Accordingly, the court ruled:
”Plaintiff should be permitted, within the limited scope set forth in this order, to explore whether Unum had a conflict of interest, a reasonable basis for its determination, and if other facts were known to Unum at the time it considered plaintiff’s claim. As set forth by the United States Supreme Court in Motor Vehicle Manufacturers Association v. State Farm Mutual Automobile Insurance Co., 463 U.S. 29, 43 (1983), a decision is arbitrary and capricious if the decision-maker ‘entirely failed to consider an important aspect of the problem [or] offered an explanation for its decision that runs counter to the evidence.’ ”
This is a very succinct but important ruling. For too long, insurers have been able to persuade federal judges to mischaracterizing ERISA cases as ”review” proceedings.

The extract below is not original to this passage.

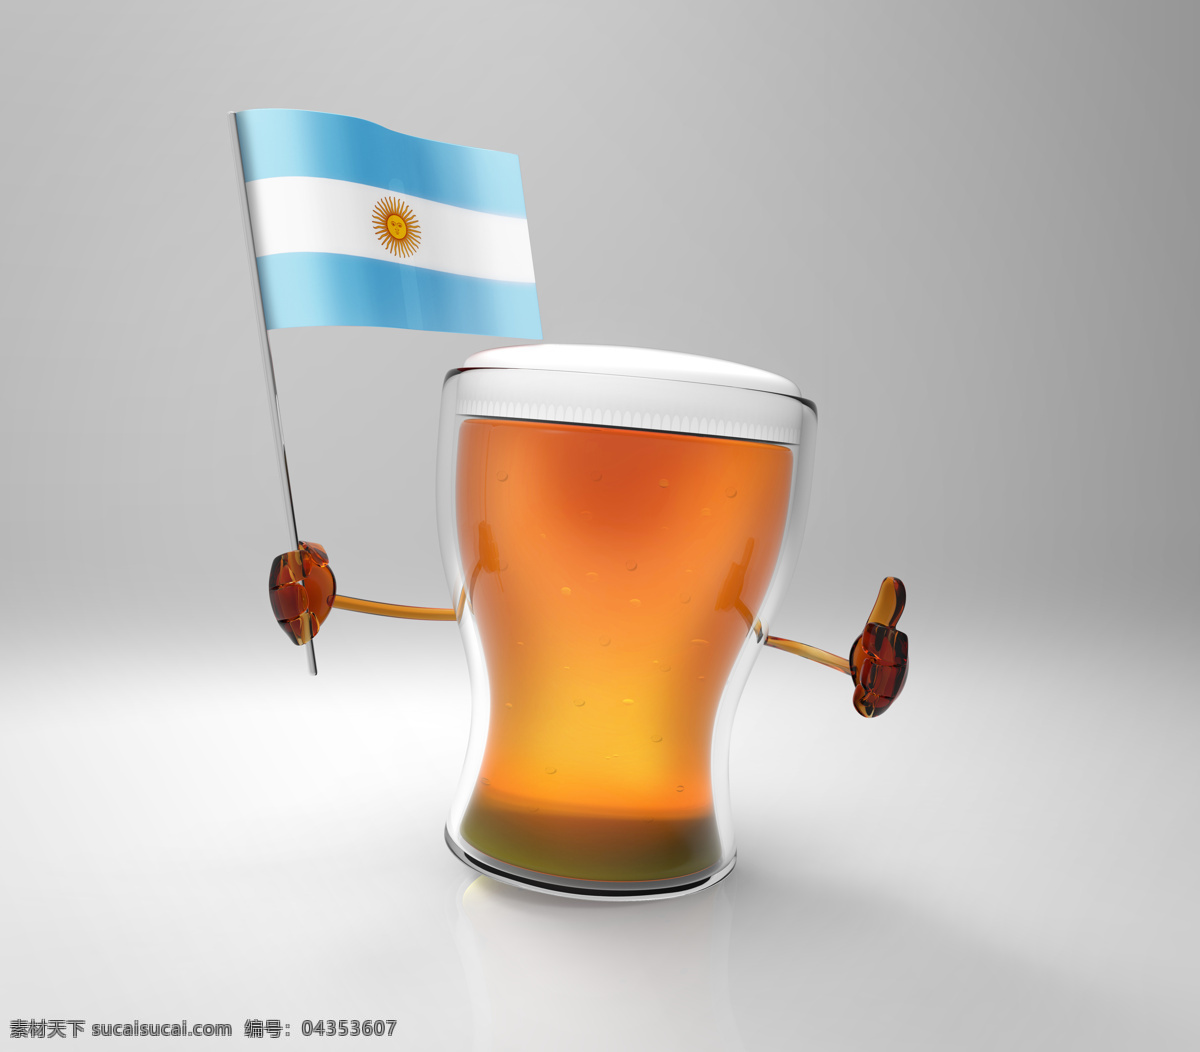 国旗 旗子 啤酒 餐厅美食 美味 饮料 阿根廷 阿根廷国旗 酒水饮料 餐饮美食 灰色

An example is the 7th Circuit’s ruling in Perlman v. Swiss Bank Corp., 195 F.3d 975, 981-82 (7th Cir. 1999), where the court ruled:
”It follows from the conclusion that review of Unum’s decision is deferential that the district court erred in permitting discovery into Unum’s decision-making. There should not have been any inquiry into the thought processes of Unum’s staff, the training of those who considered Perlman’s claim, and in general who said what to whom within Unum – all of which Perlman was allowed to explore at length by depositions and interrogatories, and on some of which the district judge relied. Deferential review of an administrative decision means review on the administrative record.”
However, as 7th Circuit Judge Richard A. Posner pointed out the following year in Herzberger v. Standard Insurance Co., 205 F.3d 327, 332 (7th Cir. 2000), ERISA claims differ markedly from Social Security cases:
”The Social Security Administration is a public agency that denies benefits only after giving the applicant an opportunity for a full adjudicative hearing before a judicial officer, the administrative law judge. The procedural safeguards thus accorded, designed to assure a full and fair hearing, are missing from determinations by plan administrators.”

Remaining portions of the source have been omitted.